Tal ha sido, sin embargo, el esfuerzo por mantener viva la presencia del autor de Imagine que la edición culmina con una página en blanco con una rima de su puño, sin duda escrita en otras circunstancias: "By hook or by crook, I´II be last in this book - John Lennon" ("Por gancho o por engaño seré el último en este libro - John Lennon").

Pero esa supuesta magia no deja de mostrar señales de artificio. "Yo me pregunto si los Beatles son las personas más adecuadas para contar su propia historia -estima Tim Riley, autor de Dime por qué: un comentario sobre los Beatles-. Muchas veces la gente que está en el centro de la tormenta no es la más indicada para decir de dónde proviene el viento."

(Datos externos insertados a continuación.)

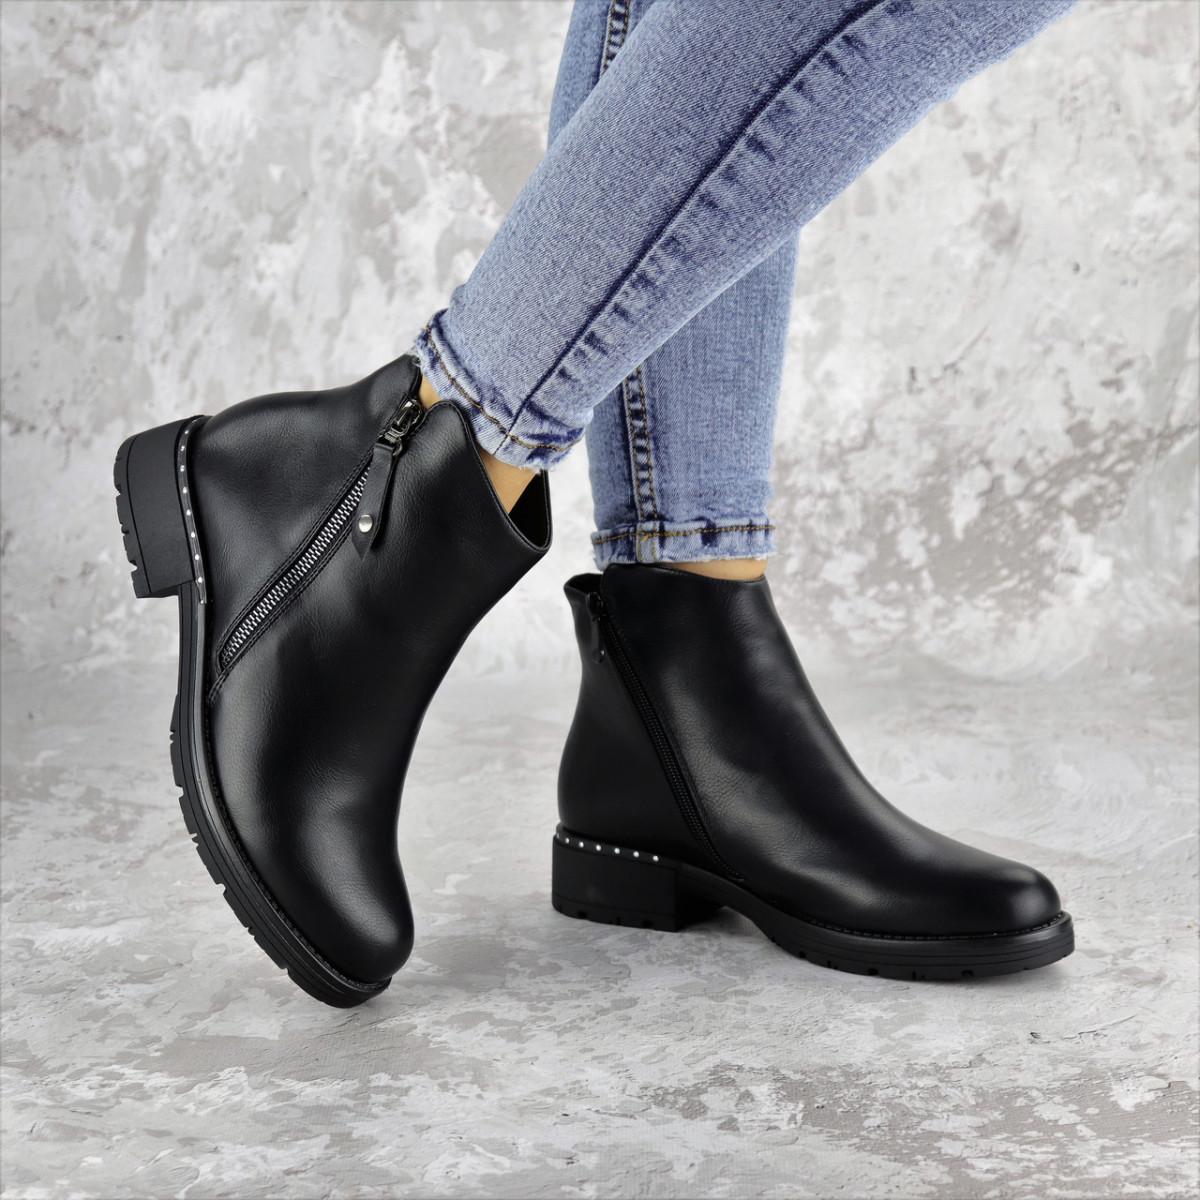 Ботинки женские зимние черные Jasper 2290 (38 размер)

Cuando se le preguntó una vez a John qué pensaba hacer cuando cumpliera los 64 años (en alusión a la canción When I´m sixty four), él contestó: "Vivir con Yoko en alguna isla afuera de la costa de Irlanda... echándole una mirada a nuestro álbum de recortes". Restan sólo cuatro años para la fecha en la que se habría concretado ese pronóstico. John faltará a la cita, pero este nuevo libro, más que la Biblia de los Beatles, se parece mucho al álbum al que hacía referencia.